This tutorial explains how to simultaneously run DL Streamer and DeepStream on a single machine for optimal performance.
Systems equipped with both NVIDIA GPUs and Intel hardware (GPU/NPU/CPU) can achieve enhanced performance by distributing workloads across available accelerators. Rather than relying solely on DeepStream for pipeline execution, you can offload additional processing tasks to Intel accelerators, maximizing system resource utilization.
A Python script (concurrent_dls_and_ds.py) is provided to facilitate this concurrent setup. It assumes that Docker and Python are properly installed and configured. The Ubuntu 24.04 is currently the only supported operating system.
- Using intel/dlstreamer:2025.2.0-ubuntu24 image, the sample downloads yolov8_license_plate_detector and ch_PP-OCRv4_rec_infer models to ./public directory if they were not downloaded yet.
- Using nvcr.io/nvidia/deepstream:8.0-samples-multiarch image it downloads deepstream_tao_apps repository to ./deepstream_tao_apps directory.
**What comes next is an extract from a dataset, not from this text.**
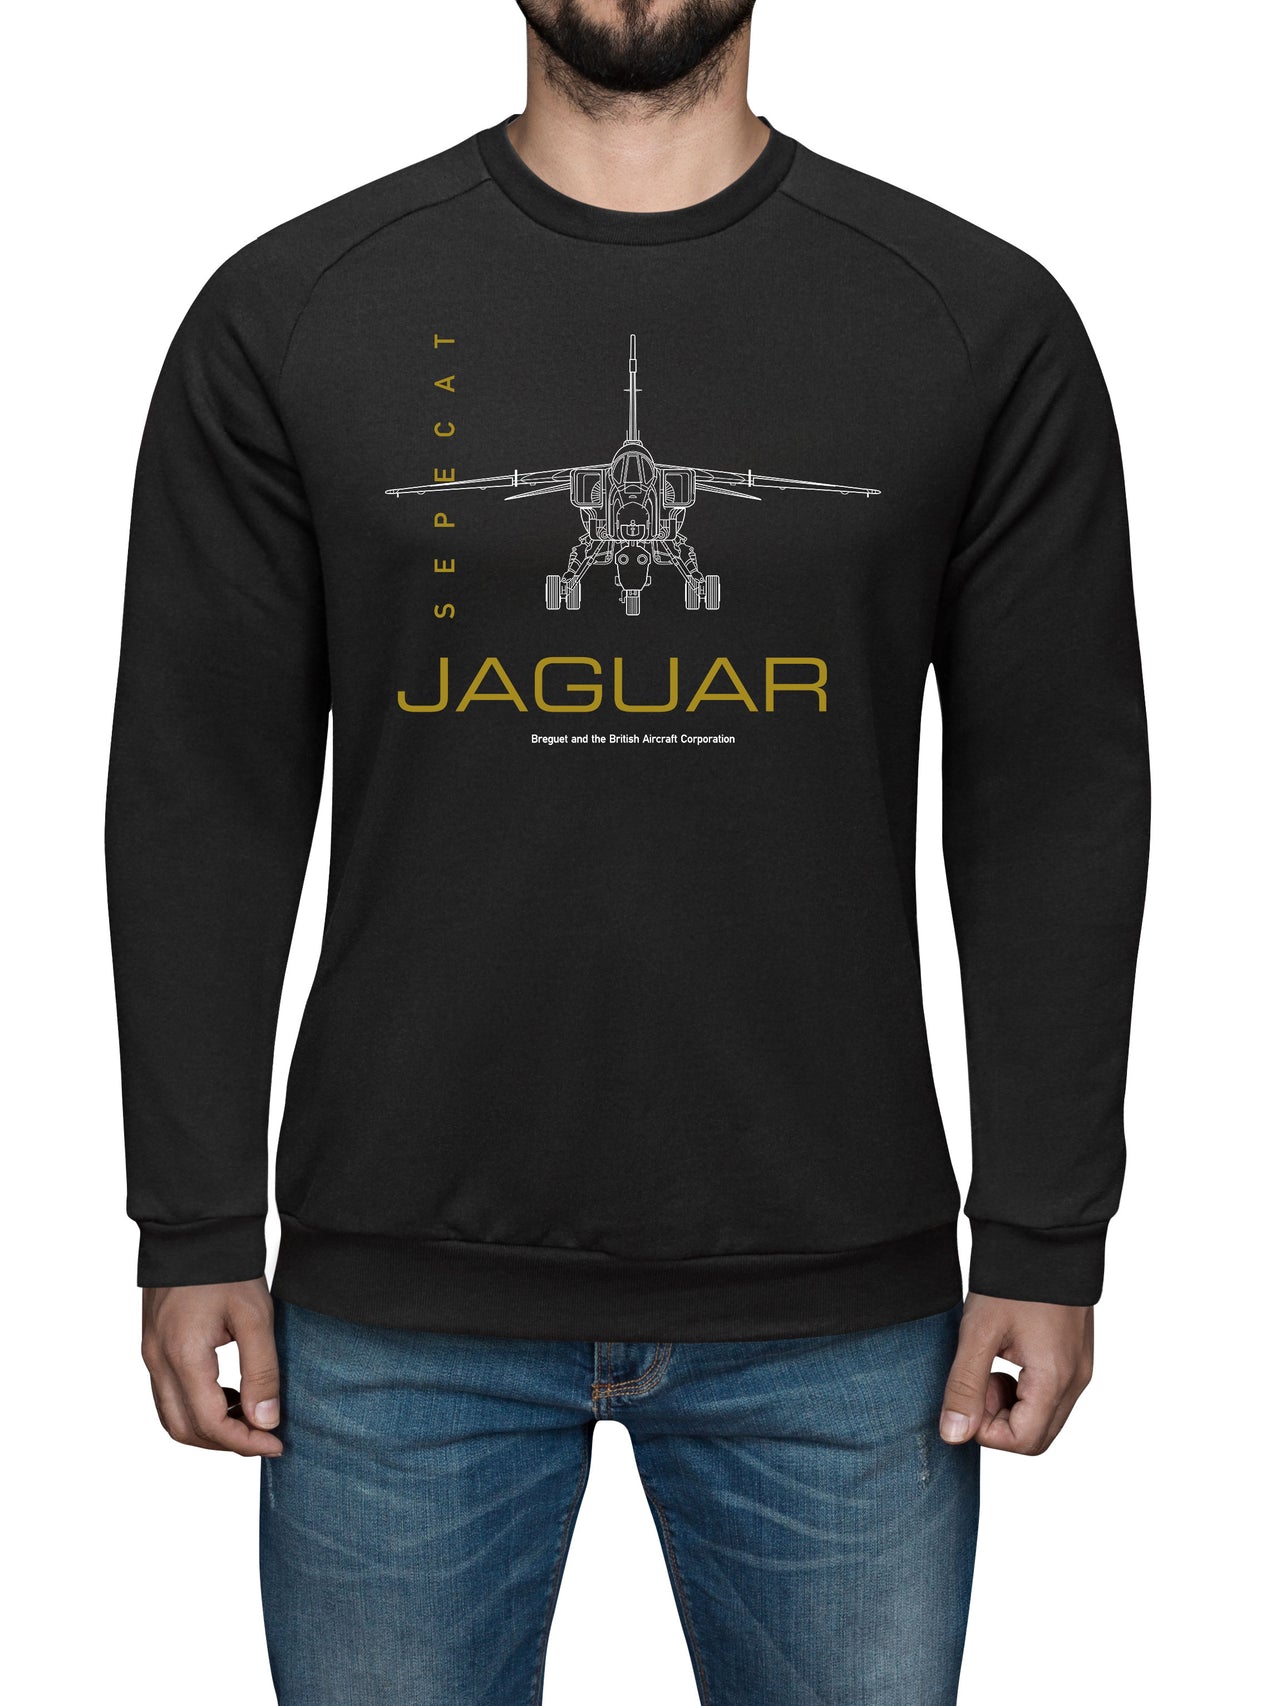 Jaguar - Sweat Shirt

Then downloads models for License Plate Recognition (LPR), makes a custom library and copies dict.txt to the current directory, in case deepstream_tao_apps does not exist.
- Hardware detection depending on setup
- Run pipeline simultaneously on both devices for:
- both Nvidia and Intel GPUs
- Nvidia GPU and Intel NPU
- Nvidia GPU with Intel CPU
- Run pipeline directly per device for:
- Intel GPU
- Nvidia GPU
- Intel NPU
- Intel CPU
python3 ./concurrent_dls_and_ds.py <input> LPR <output>- Input can be rtsp, https or file.
- License Plate Recognition (LPR) is currently the only pipeline supported.
- Output is the filename. For example parameter: Output.mp4 or Output will create files Output_dls.mp4 (DL Streamer output) and/or Output_ds.mp4 (DeepStream output).
First-time download of the Docker images and models could take a longer time.